Signed-off-by: Geliang Tang <geliang.tang@suse.com>
---
net/mptcp/protocol.c | 33 +++++++++++----------------------
1 file changed, 11 insertions(+), 22 deletions(-)
diff --git a/net/mptcp/protocol.c b/net/mptcp/protocol.c
index 7ca21915b3d1..fc972d56926e 100644
--- a/net/mptcp/protocol.c
+++ b/net/mptcp/protocol.c
@@ -1530,15 +1530,24 @@ void mptcp_check_and_set_pending(struct sock *sk)
void __mptcp_push_pending(struct sock *sk, unsigned int flags)
{
- struct sock *prev_ssk = NULL, *ssk = NULL;
struct mptcp_sock *msk = mptcp_sk(sk);
struct mptcp_sendmsg_info info = {
.flags = flags,
};
bool do_check_data_fin = false;
struct mptcp_data_frag *dfrag;
+ struct sock *ssk;
int len;
+ ssk = mptcp_sched_get_send(msk);
+ if (!ssk)
+ goto out;
+
+ if (!mptcp_send_head(sk))
+ goto out;
+
+ lock_sock(ssk);
+
while ((dfrag = mptcp_send_head(sk))) {
info.sent = dfrag->already_sent;
info.limit = dfrag->data_len;
@@ -1546,24 +1555,6 @@ void __mptcp_push_pending(struct sock *sk, unsigned int flags)
while (len > 0) {
int ret = 0;
- prev_ssk = ssk;
- ssk = mptcp_sched_get_send(msk);
-
- /* First check.
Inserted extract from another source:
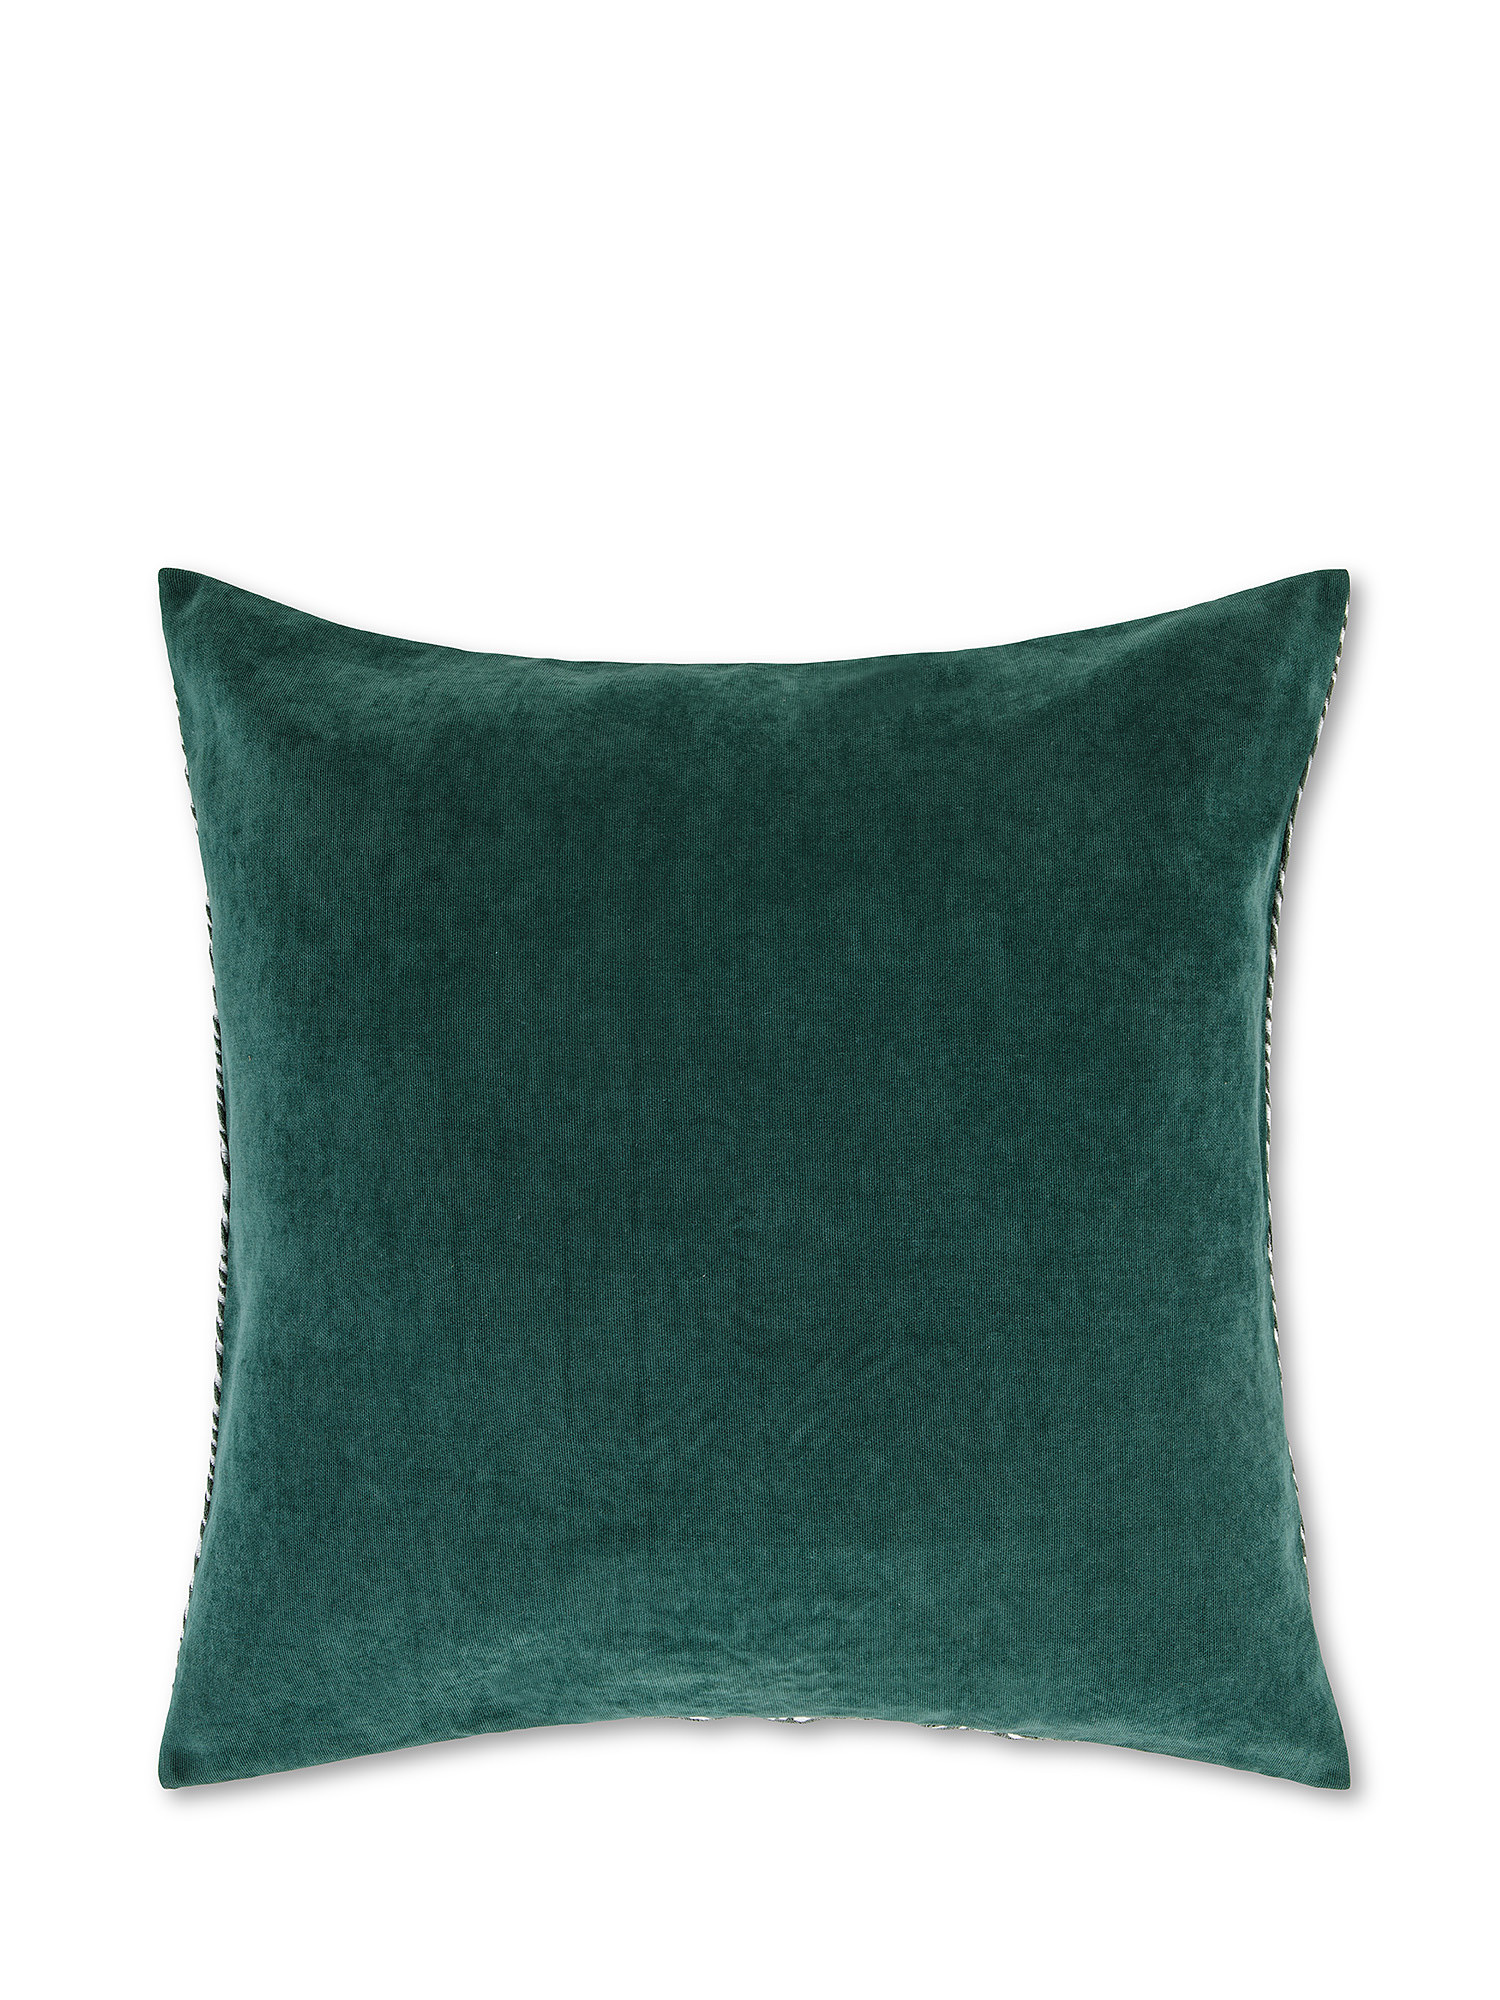 Jacquard cushion with zebra motif 50x50cm, Green, large image number 1

If the ssk has changed since
- * the last round, release prev_ssk
- */
- if (ssk != prev_ssk && prev_ssk)
- mptcp_push_release(prev_ssk, &info);
- if (!ssk)
- goto out;
-
- /* Need to lock the new subflow only if different
- * from the previous one, otherwise we are still
- * helding the relevant lock
- */
- if (ssk != prev_ssk)
- lock_sock(ssk);
-
ret = mptcp_sendmsg_frag(sk, ssk, dfrag, &info);
if (ret <= 0) {
if (ret == -EAGAIN)
@@ -1581,9 +1572,7 @@ void __mptcp_push_pending(struct sock *sk, unsigned int flags)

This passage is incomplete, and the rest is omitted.